# keyword list



## fotojensen (Jan 17, 2009)

I just have to tell that Lightroom rocks, all the way :cheesy:
A friend of mine has done a huge job making all of Europe's bird in a hierarchy build key word list. This is so powerful, when i ad a birds name i get all the needed keyword on that bird, family, Latin name, English name and so on. He also have a list on animals in Europe, in this way key wording is taken up to a new level.  In this way of organizing my keywords i just think of all the possibility's, plants, geographic and so on.
I have all my images in a well planed structure, all my keywords in a well planed structure, all my developed images in a well planed structure. I just got so happy about this keyword list that i had to tell you that :mrgreen:

All the best Kai


----------



## Brad Snyder (Jan 17, 2009)

Great, Kai.


----------



## Katherine Mann (Jan 17, 2009)

Kai, that is so great to hear. I have a penchant for photographing birds myself. 
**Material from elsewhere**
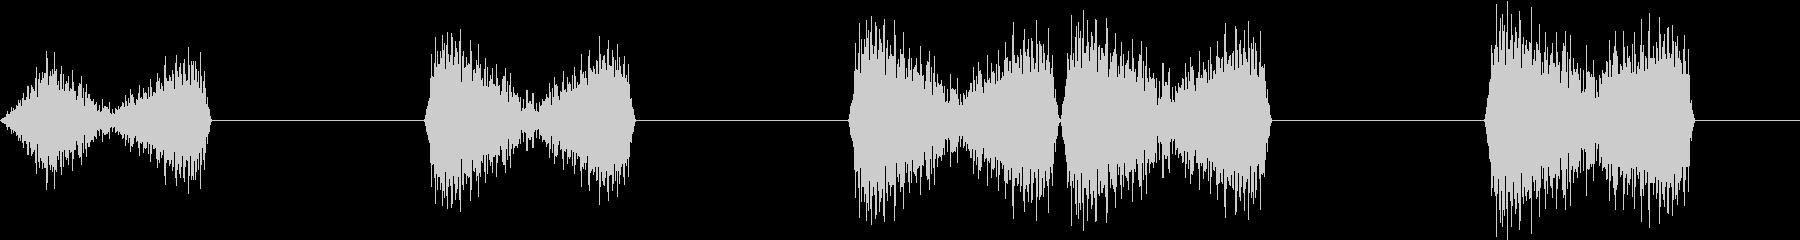 DJプレイ スクラッチ・ノイズ 7 煽りの未再生の波形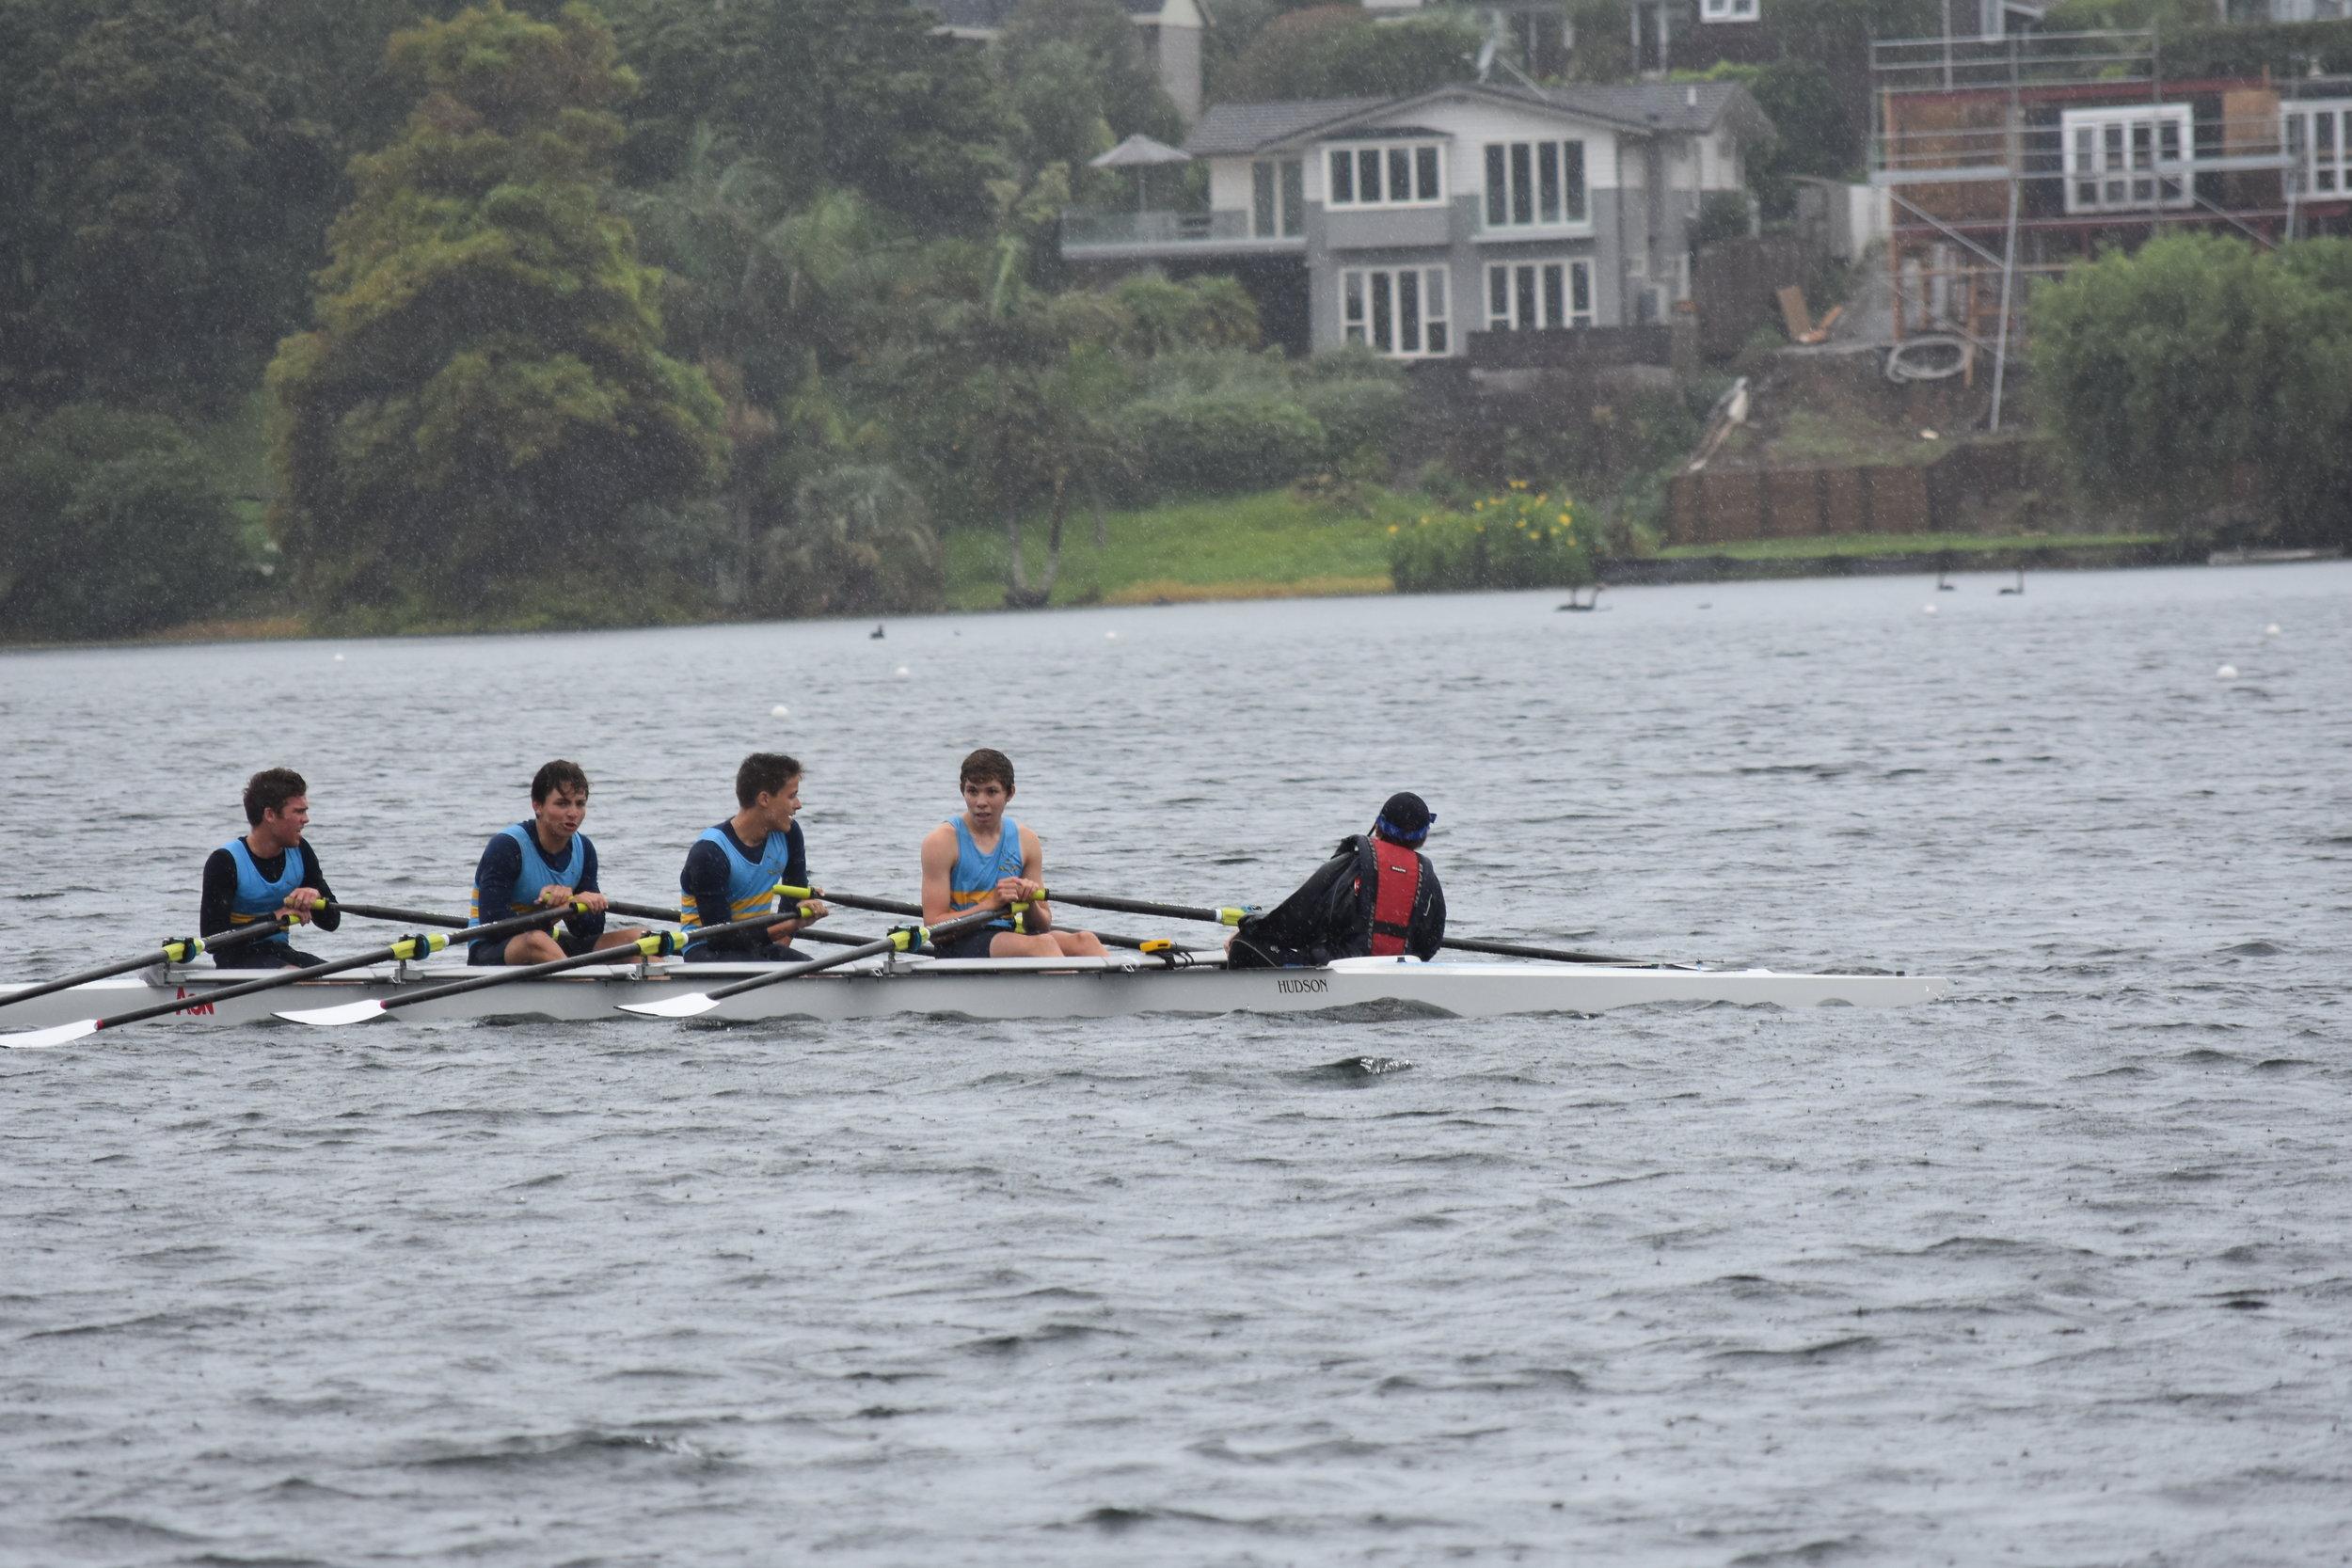 BU15 X+ 1st! Anthony, Callum, Ethan and Blake

I appreciate all the develop module that Adobe is trying to produce, but my real interest in the program is the DAM. The RAW development is wonderful too, but the fine work is best left to Ps, so far, in my opinion.


----------



## DonRicklin (Jan 17, 2009)

I have moved this thread to the lounge where it may be more appropriate. SInce it is not LR Specific.

Don


----------